+++ Given information

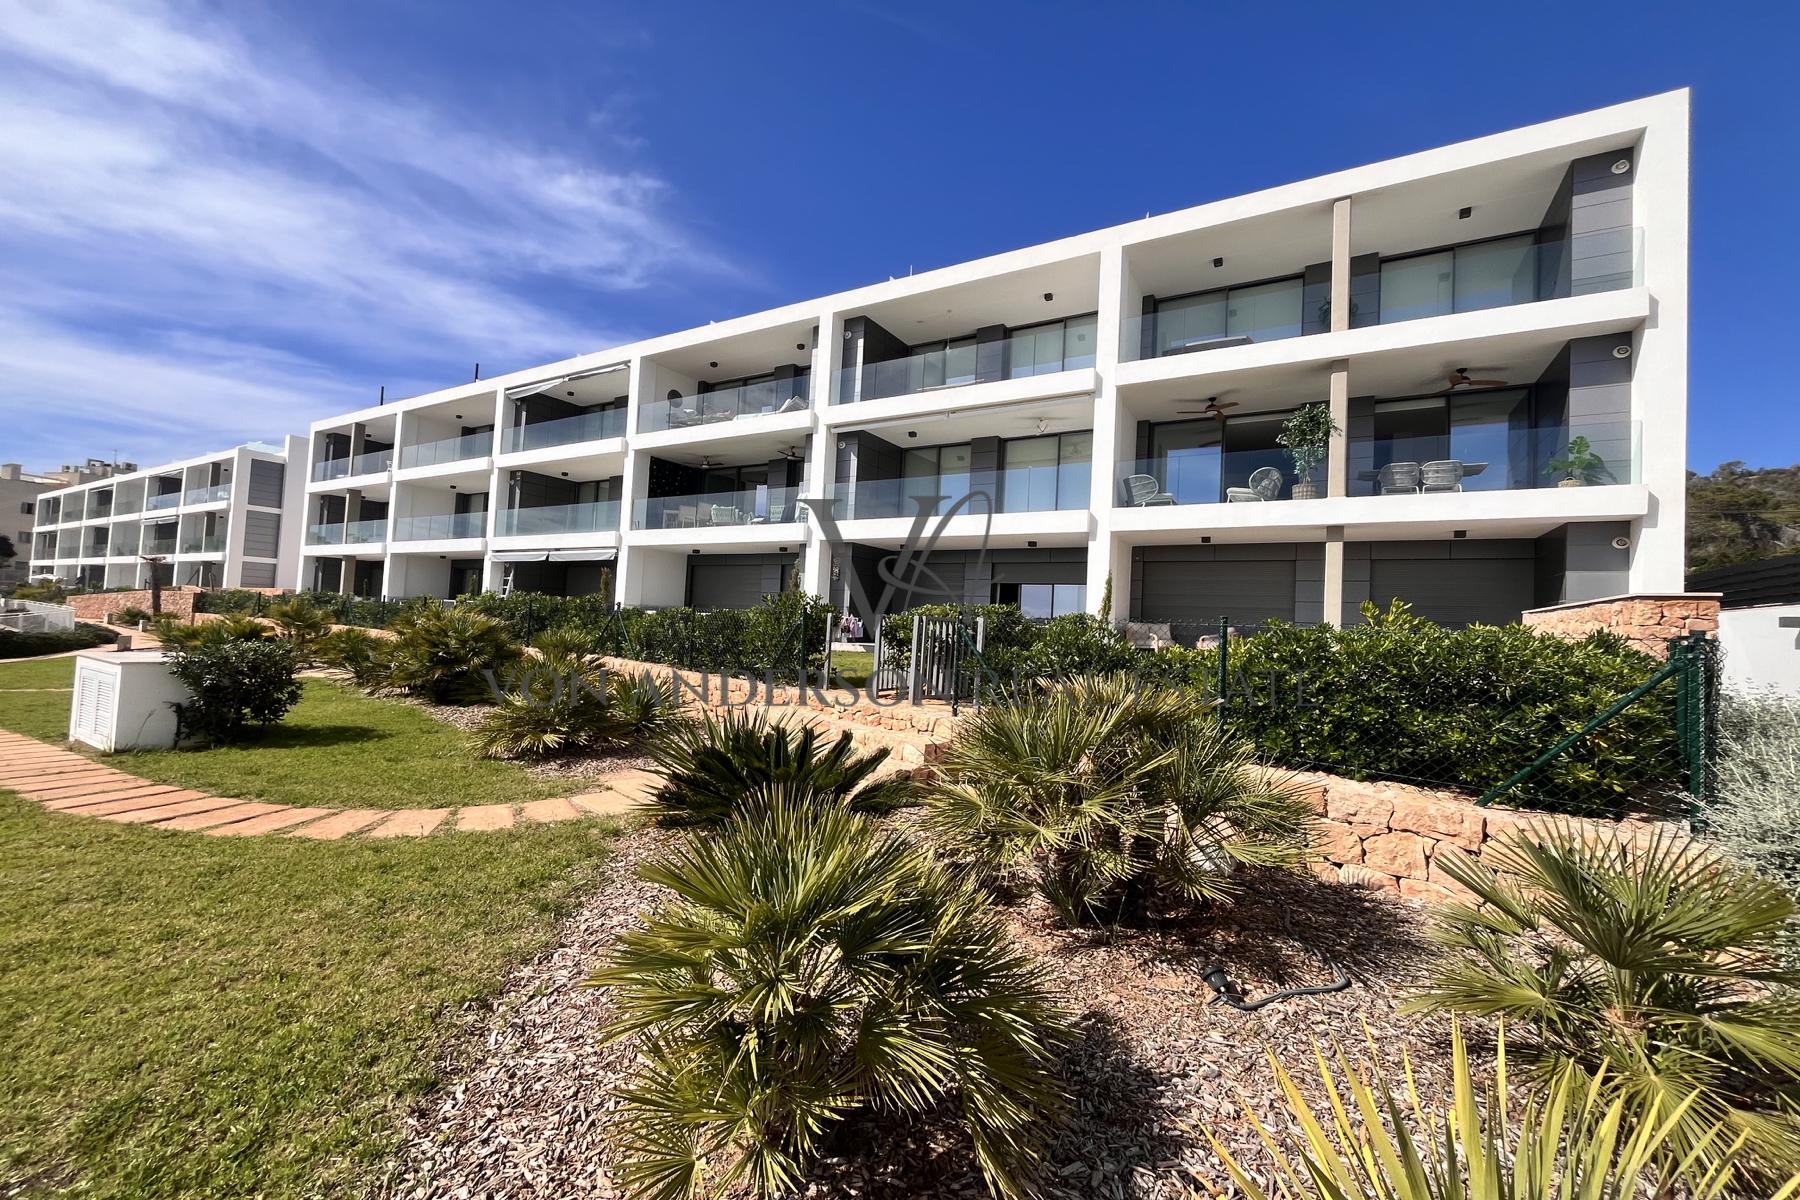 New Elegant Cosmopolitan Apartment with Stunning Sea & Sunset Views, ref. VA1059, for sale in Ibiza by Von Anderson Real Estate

++++++
+++ Given information

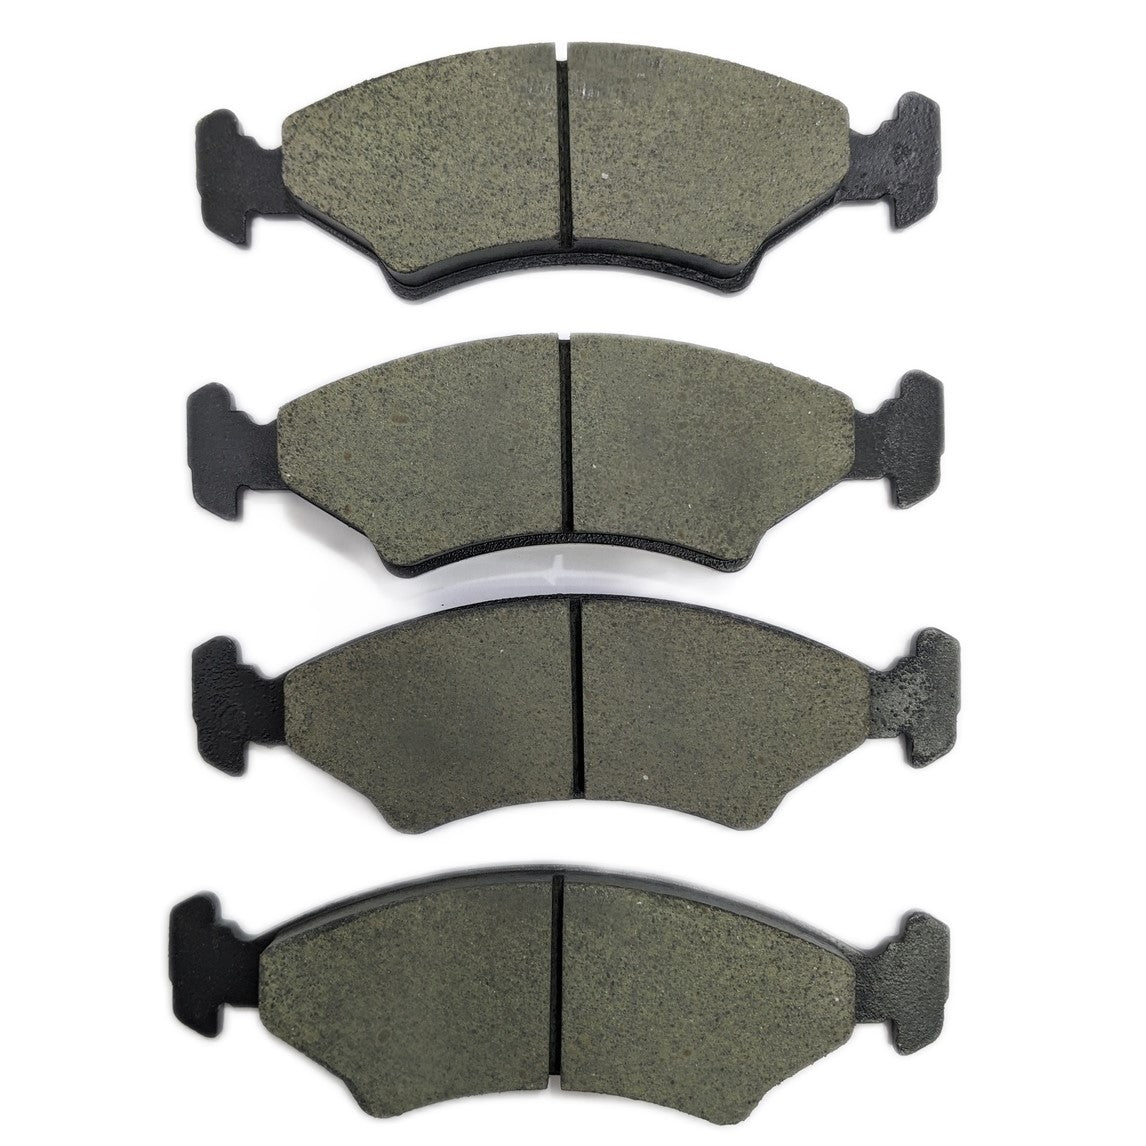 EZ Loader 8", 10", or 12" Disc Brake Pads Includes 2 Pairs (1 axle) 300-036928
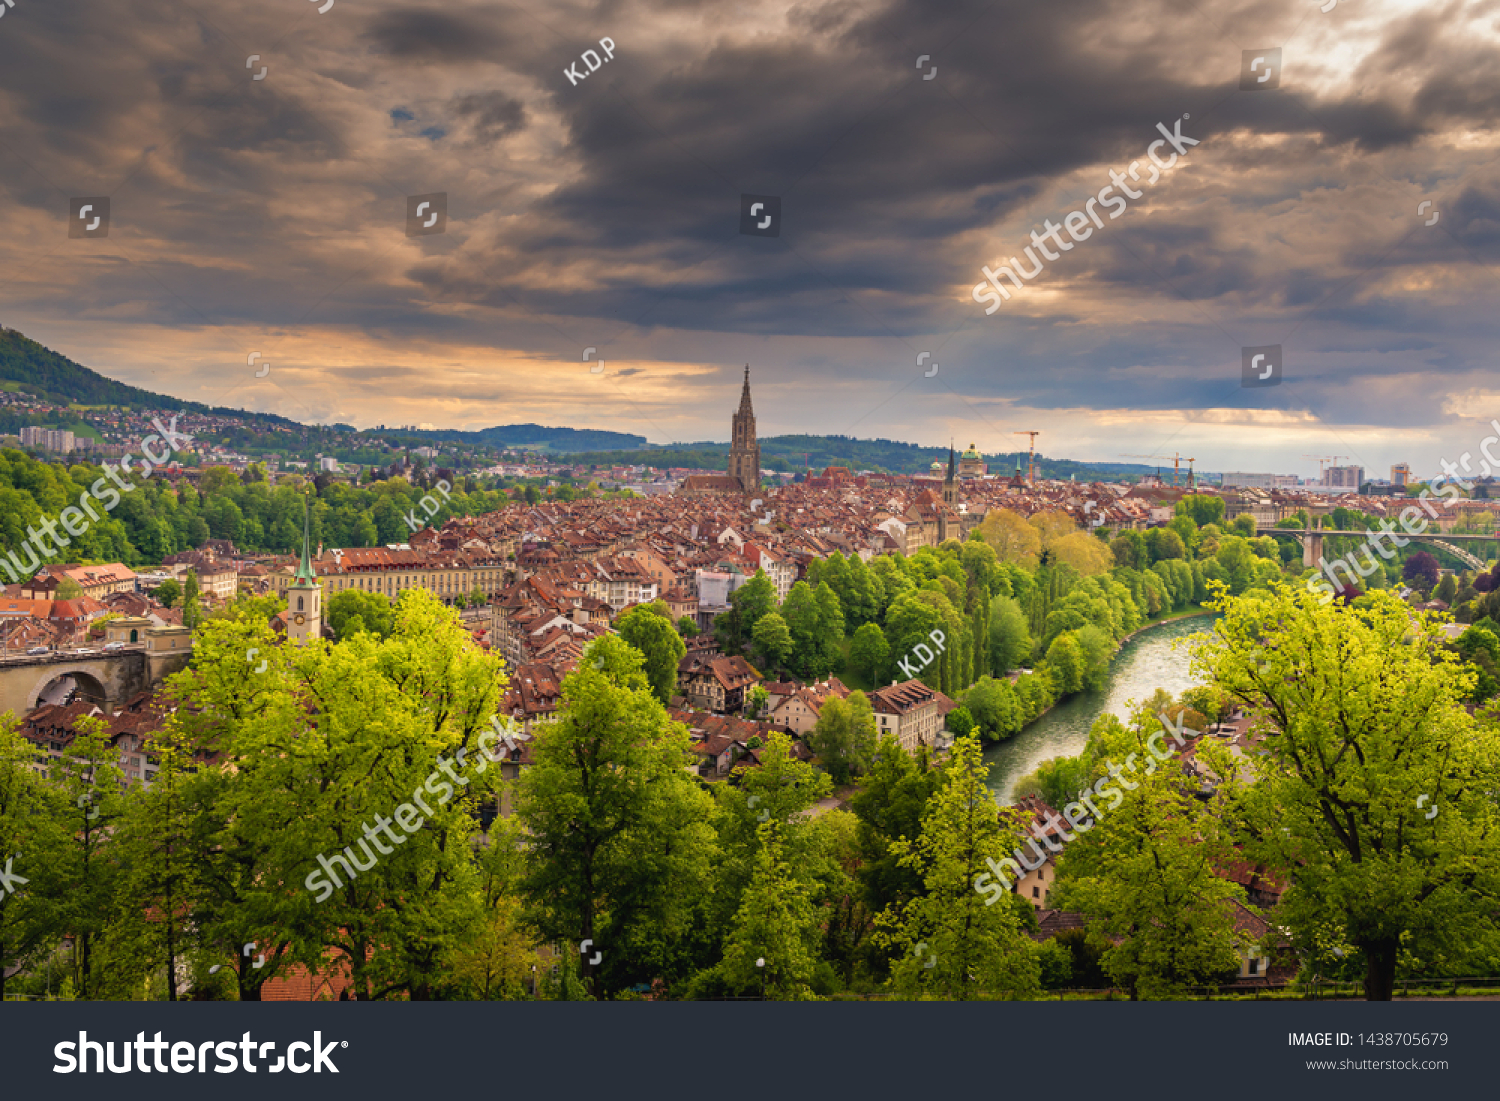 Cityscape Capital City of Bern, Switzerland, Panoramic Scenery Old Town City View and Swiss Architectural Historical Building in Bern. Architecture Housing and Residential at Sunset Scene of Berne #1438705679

++++++
+++ Given information

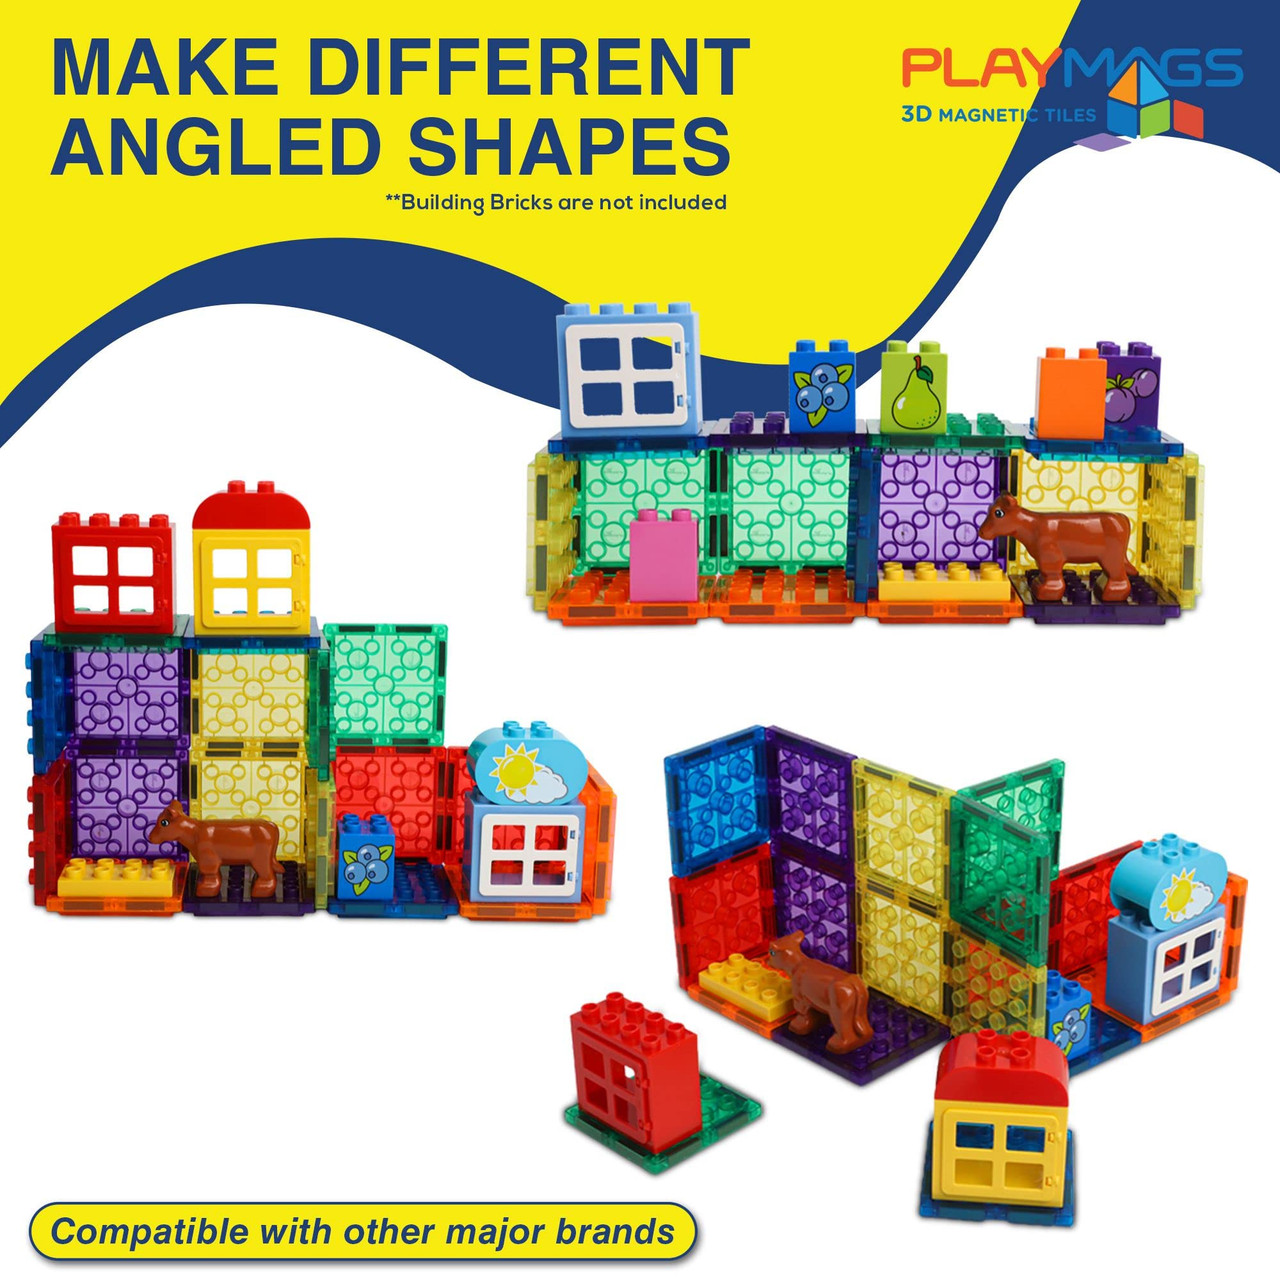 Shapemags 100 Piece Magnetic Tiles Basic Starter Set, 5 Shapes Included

++++++

=== Goal of the exercise ===
Leaving all pictures out, output exactly the lines of the material above from the line with "(1 axle) 300-036928" to the line with "Cityscape Capital City", both included.

=== Your response ===
 EZ Loader 8", 10", or 12" Disc Brake Pads Includes 2 Pairs (1 axle) 300-036928
 Cityscape Capital City of Bern, Switzerland, Panoramic Scenery Old Town City View and Swiss Architectural Historical Building in Bern. Architecture Housing and Residential at Sunset Scene of Berne #1438705679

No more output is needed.